If this scheme is practical, it may not be necessary to distinguish between cases in which blocked operations should busy wait and cases in which they should context switch. With single-cycle context switches and the ability to resume a context as soon as the memory system is capable of allowing the context to continue, busy waiting offers no advantages over context switching. It will always be appropriate to switch contexts.

Outstanding Operations

But what about multiple outstanding memory operations and responses?

For this to be practical and efficient, the processor will have to be able to deal with the case in which it has multiple contexts waiting on the memory system. This, of course, means the memory system could complete these operations in rapid succession and the processor must be able to handle this case in a reasonable way. Additionally, if this scheme is to replace busy waiting, there will need to be some provisions for assigning priorities to contexts.

Can Handle Continuous Series of Memory Responses

It is perhaps worthwhile to note that the scheme just presented (Section ), can deal with successive replies from the memory system. Upon getting a reply, on the next processor cycle, the processor switches to the indicated process and completes the operation.

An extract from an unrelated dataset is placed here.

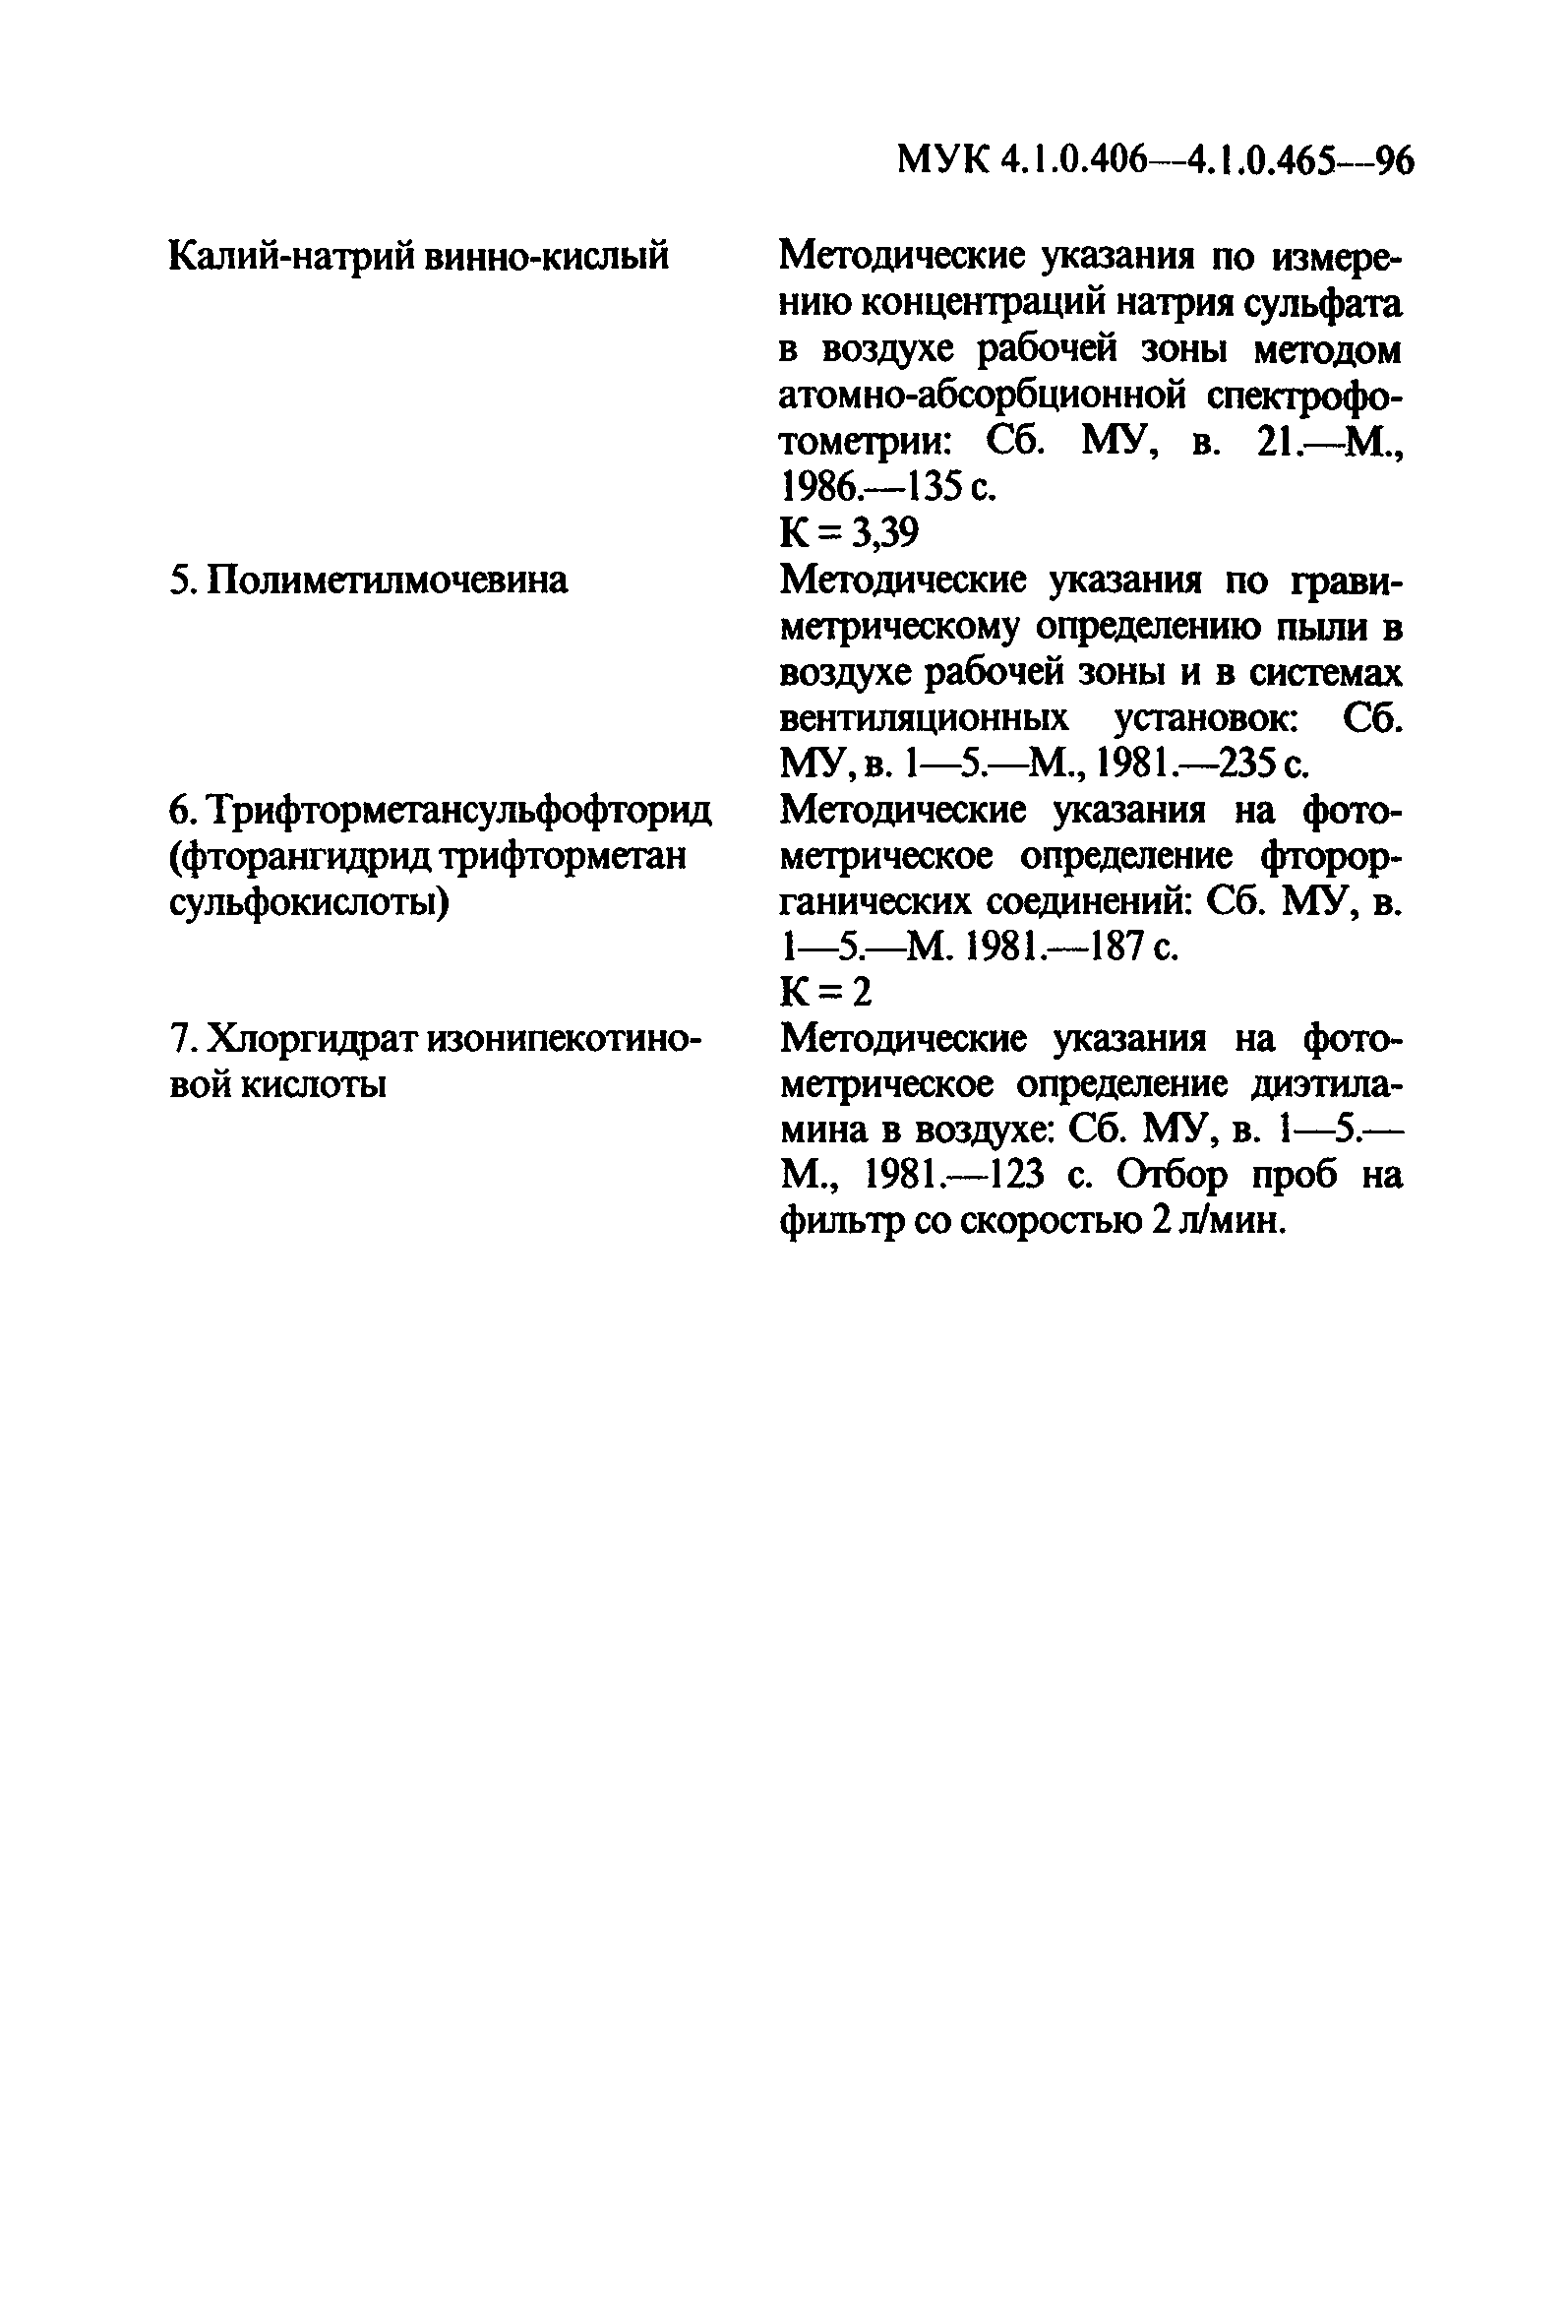 МУК 4.1.0.431-96

The earliest the memory system can provide the next response to the processor is in the next cycle in which the processor does not use the context bus. At this point, the memory system can indicate the next pending response and the processor can switch to that process and complete its pending operation. In this manner, pending operations can be completed as soon the memory system can indicate a response.

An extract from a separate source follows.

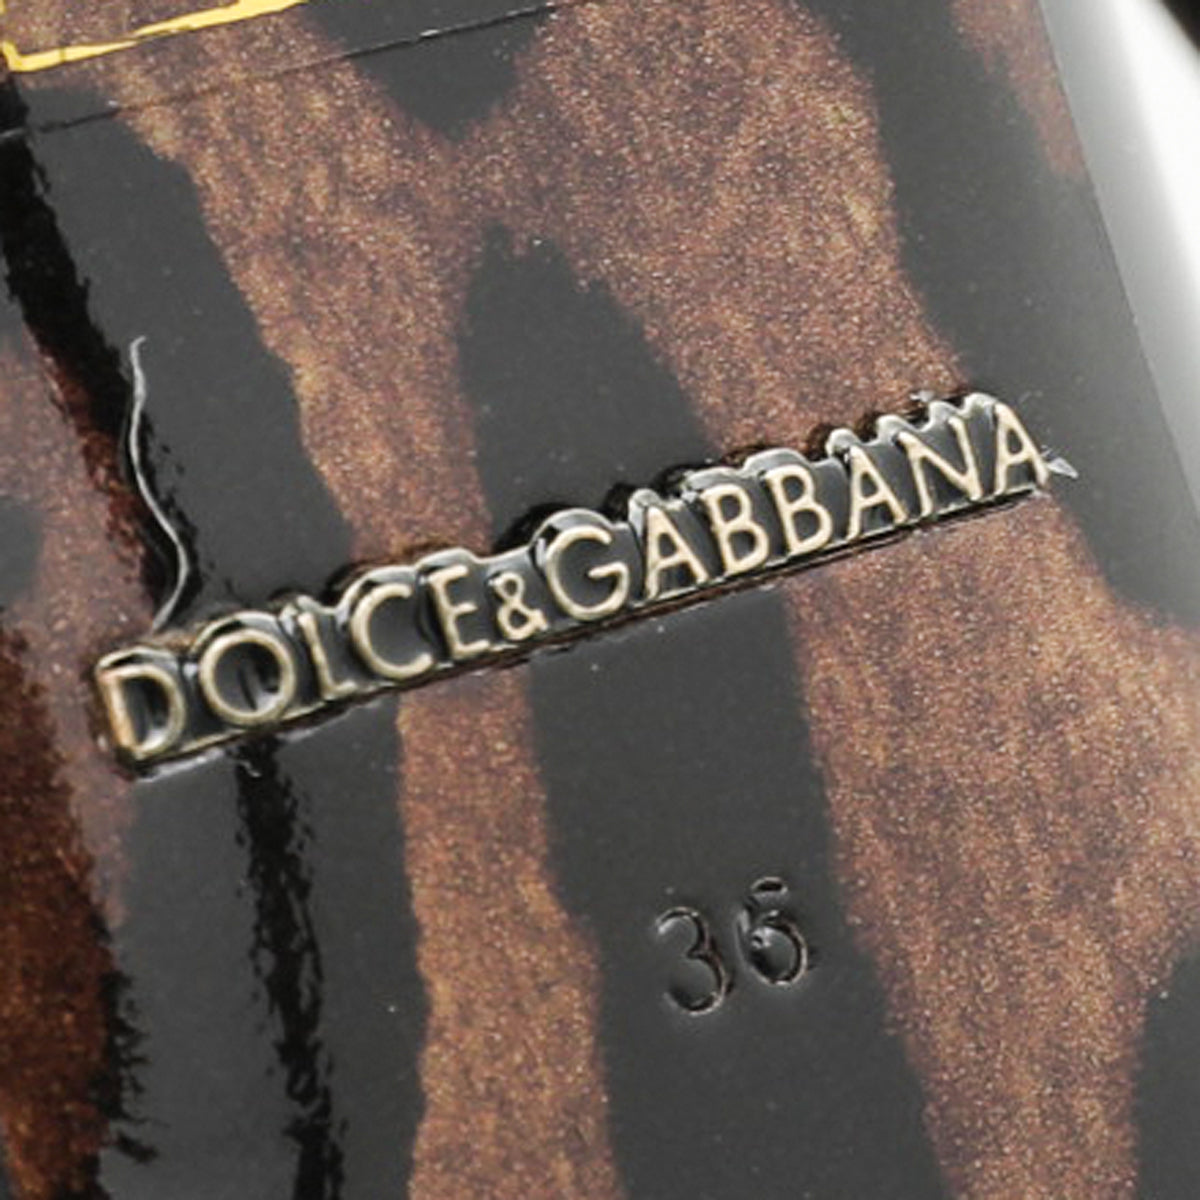 Dolce & Gabbana Black Triple Strap Pump 36

N.B. This does expose one potential problem. Since, the processor is capable of issuing a load/store operation on every processor cycle and the memory system cannot indicate a response while the processor is attempting many of the load/store operations, the processor could prevent the memory system from providing timely responses.

Whether or not this really poses a problem will depend on what common sequences of operations are. Is it likely for the load/store unit to be busy for long periods of time without a break in which the memory system can respond?

This could certainly be dealt with by providing separate busses for the processor and memory system to use in indicating context. That solution begins to sound a bit costly in terms of pin requirements.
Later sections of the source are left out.